12 septembre 1996 |
Un diplôme universitaire de premier cycle devrait-il être
exigé pour devenir enquêteur à la Sûreté
du Québec et dans tous les corps de police municipaux? La question
mérite réflexion, surtout si l'acquisition de ce même
diplôme permet aux personnes concernées de mieux faire leur
travail, estiment des membres de la communauté universitaire interrogés
à ce propos.
«Les universités ne peuvent pas se défiler devant une
telle hypothèse, commente le doyen de la Faculté de droit,
André C. Côté. Il serait intéressant qu'une plate-forme
soit créée par l'intermédiaire du milieu policier pour
connaître les besoins éventuels de formation. Personnellement,
je verrais très bien l'implantation d'un programme de perfectionnement
sous forme de certificat, par exemple. Ce programme pourrait comporter des
éléments de formation juridique, psychologique et scientifique.»
On sait qu'un groupe de travail (externe au milieu universitaire) chargé
d'examiner les pratiques en matière d'enquêtes criminelles
au sein des corps de police du Québec recommandait récemment
que le ministère de la Sécurité publique établisse
le diplôme universitaire comme exigence minimale pour devenir enquêteur
à la Sûreté du Québec et dans tous les corps
de police municipaux. Dirigé par l'avocat Jacques Bellemare, le groupe
favorise un remaniement de la sélection et de la formation des enquêteurs,
en plus de proposer une nouvelle manière de procéder dans
le déroulement des enquêtes criminelles.
Un «plus» de toute façon
«Plus les personnes sont formées et plus elles sont susceptibles
d'être à la hauteur de la situation au travail», note
pour sa part Lise Darveau-Fournier, doyenne de la Faculté des sciences
sociales. À l'instar d'André C. Côté, elle croit
à la nécessité de procéder à une étude
des besoins, en interaction avec le milieu policier, si l'idée de
mieux armer nos enquêteurs - intellectuellement s'entend - faisait
son chemin dans notre université. Dans une telle éventualité,
la doyenne préconiserait une formation multidisciplinaire comprenant
des cours de sociologie, de psychologie, de droit et de science politique.
Des techniques à repenser
Selon Germain Trottier, criminologue et professeur à l'École
de service social, il est important que non seulement les enquêteurs,
mais aussi les policiers, possèdent certaines connaissances sur les
valeurs culturelles des gens des quartiers où ils sont en poste.
«Prenons le cas d'un jeune Haïtien pris en défaut qui se
fait traiter de "baveux" par le policier parce qu'il garde la
tête baissée devant lui. Si le policier en question savait
que le jeune a appris, dans sa culture, à ne pas regarder le parent
ou un supérieur en face, c'est-à-dire à ne pas défier
l'autorité, les choses se passeraient parfois autrement.»

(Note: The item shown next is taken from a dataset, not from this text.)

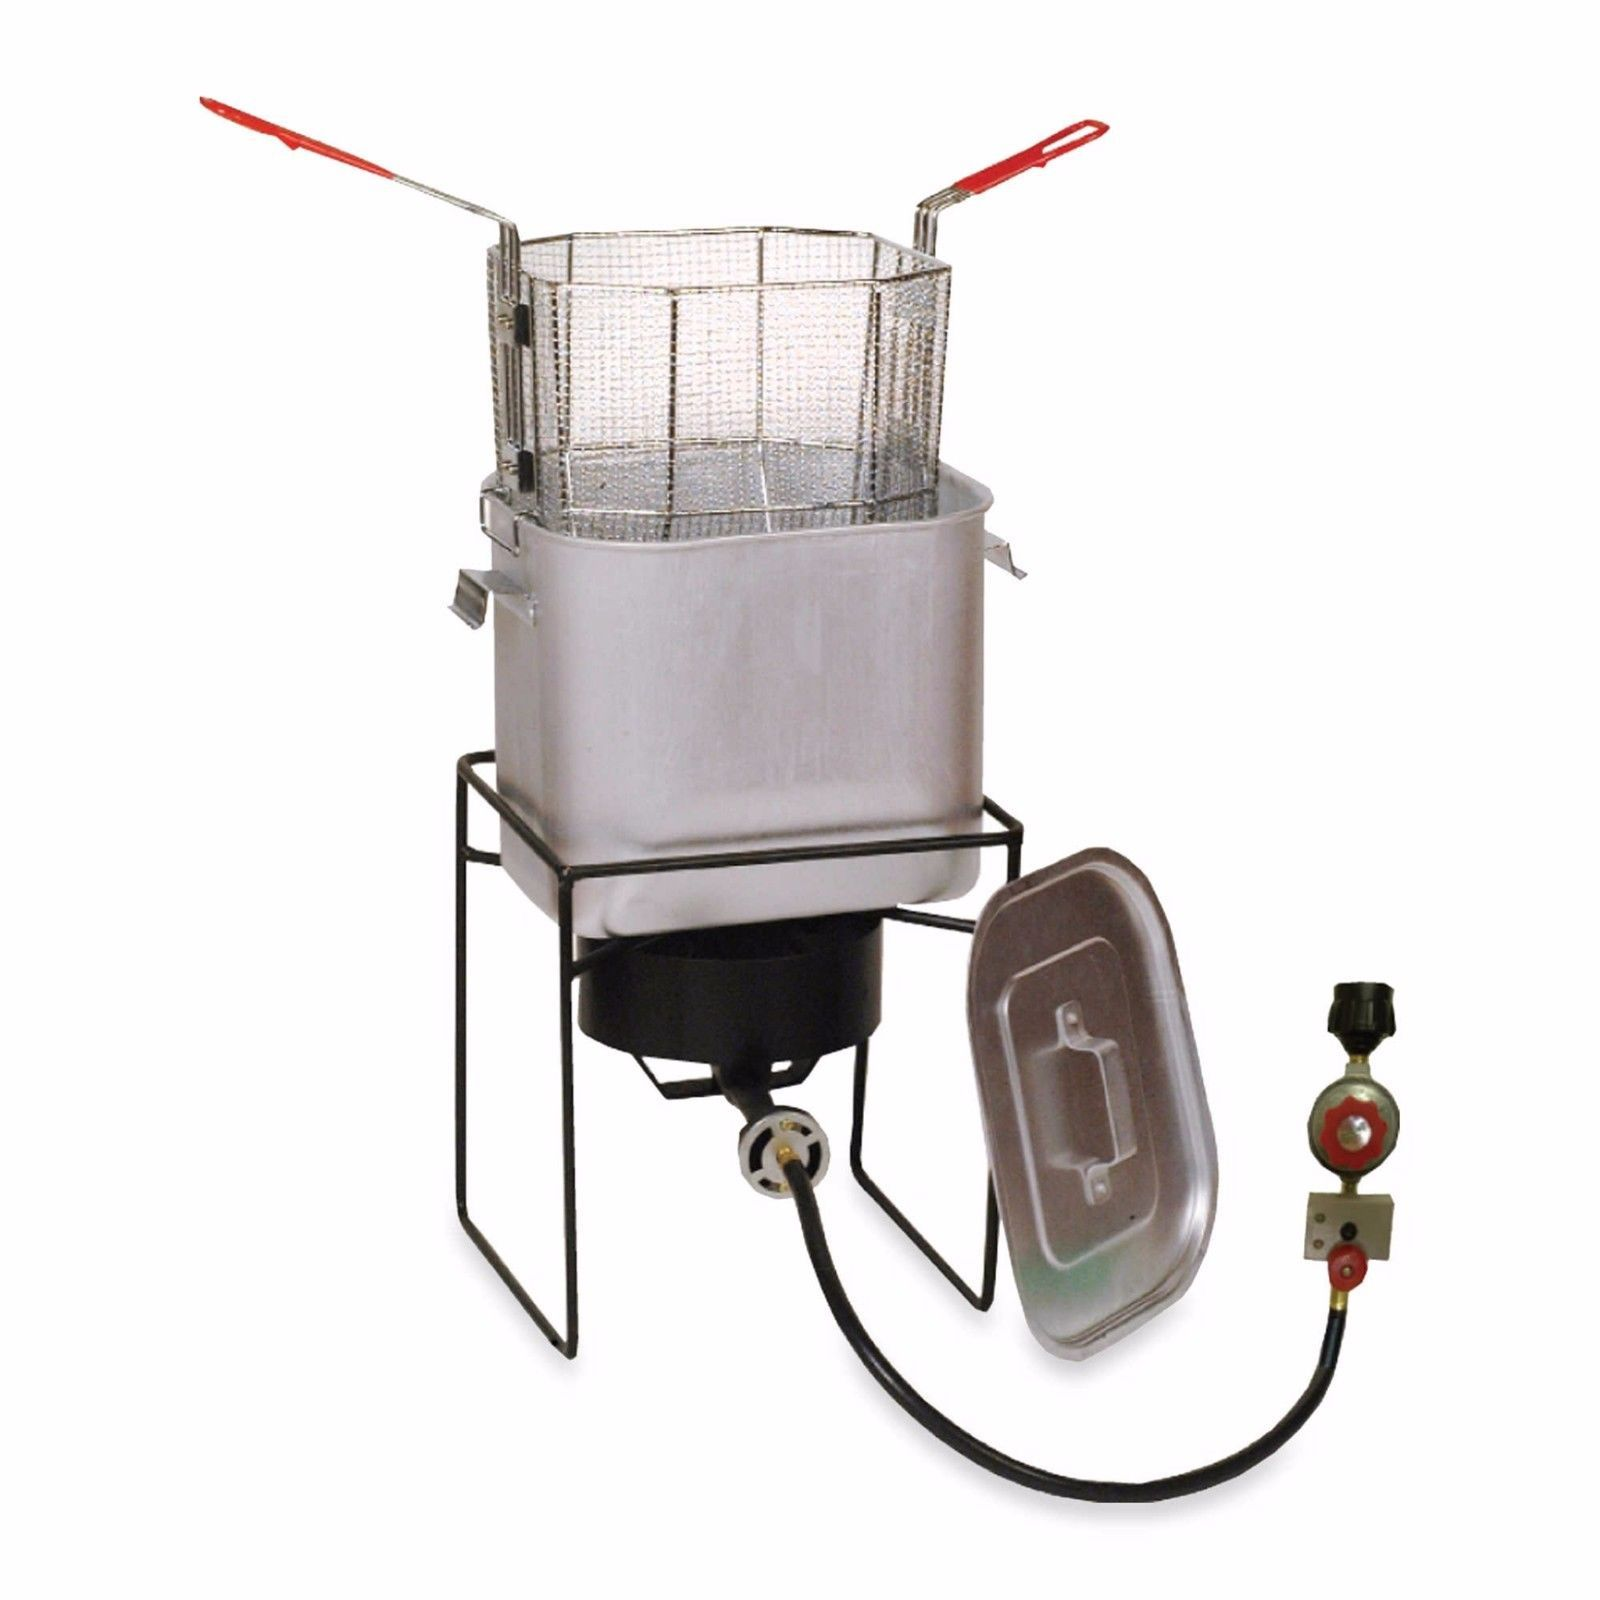 outdoor turkey chicken poultry deep fryer boiler simmer cooking pot bucket sta - Outdoor Deep Fryer
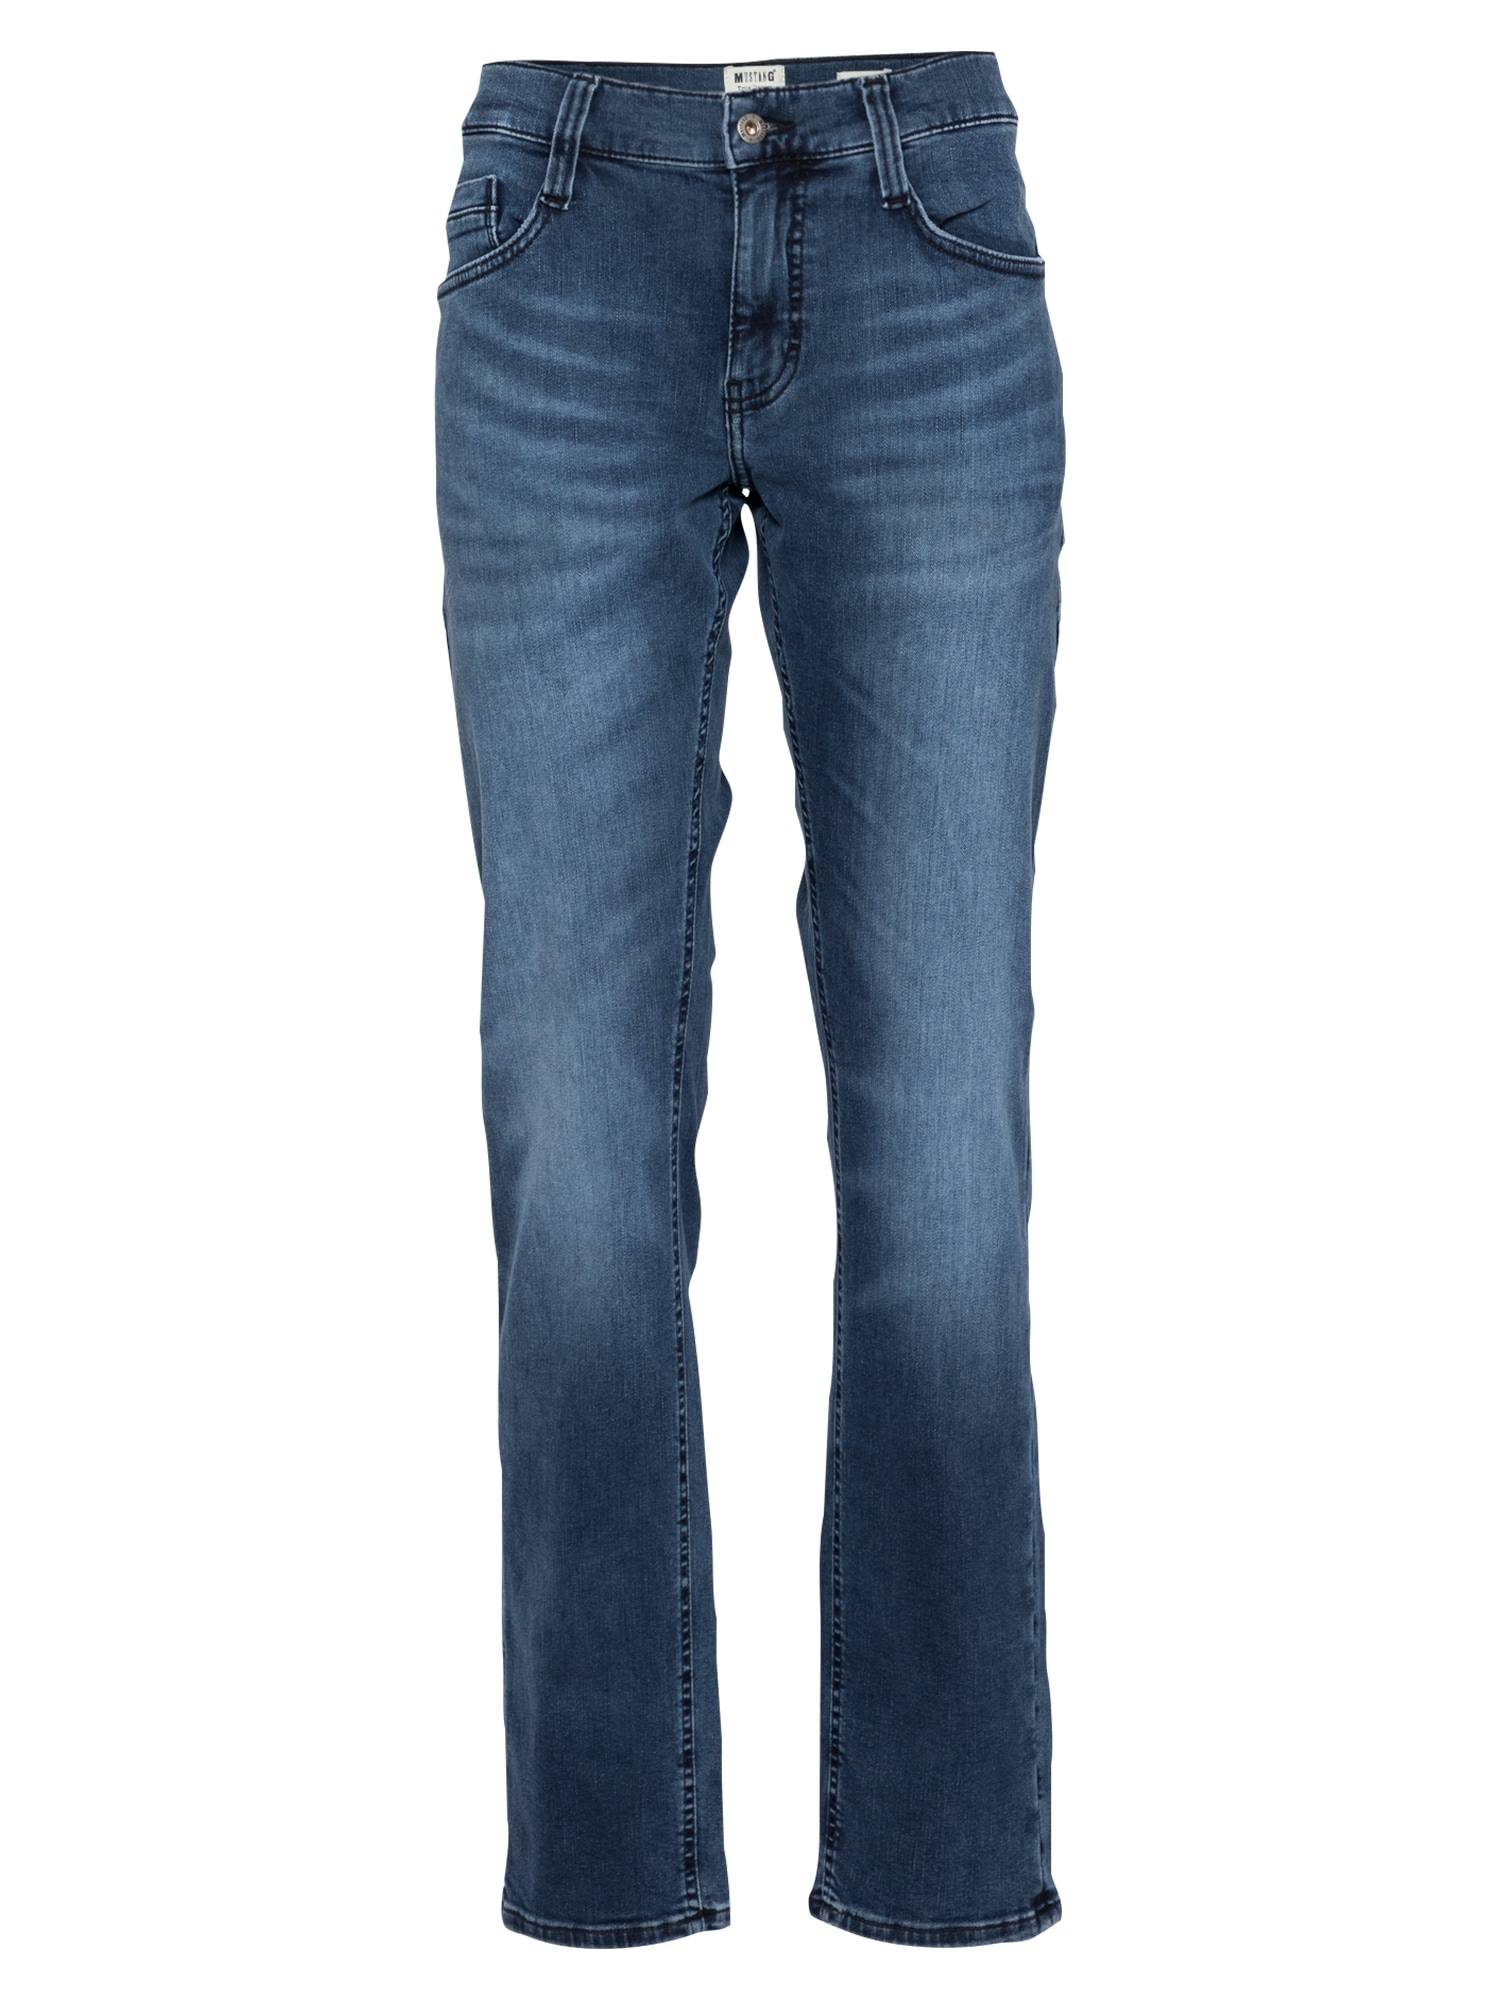 MUSTANG Jean 'Oregon'  - Bleu - Taille: 33/34 - male

Faut-il pour autant exiger de l'enquêteur ou du policier qu'il fasse
ses classes à l'université avant d'être «relâché»
dans la société? Théoriquement parlant, il serait souhaitable
qu'une formation en droit ou en sociologie soit appliquée, indique
Germain Trottier. La formation actuellement offerte aux futurs policiers
dans les cegeps est trop axée sur les techniques, négligeant
des aspects importants comme la psychologie de la persuasion et la tolérance.
C'est peut-être par là qu'il faudrait commencer.»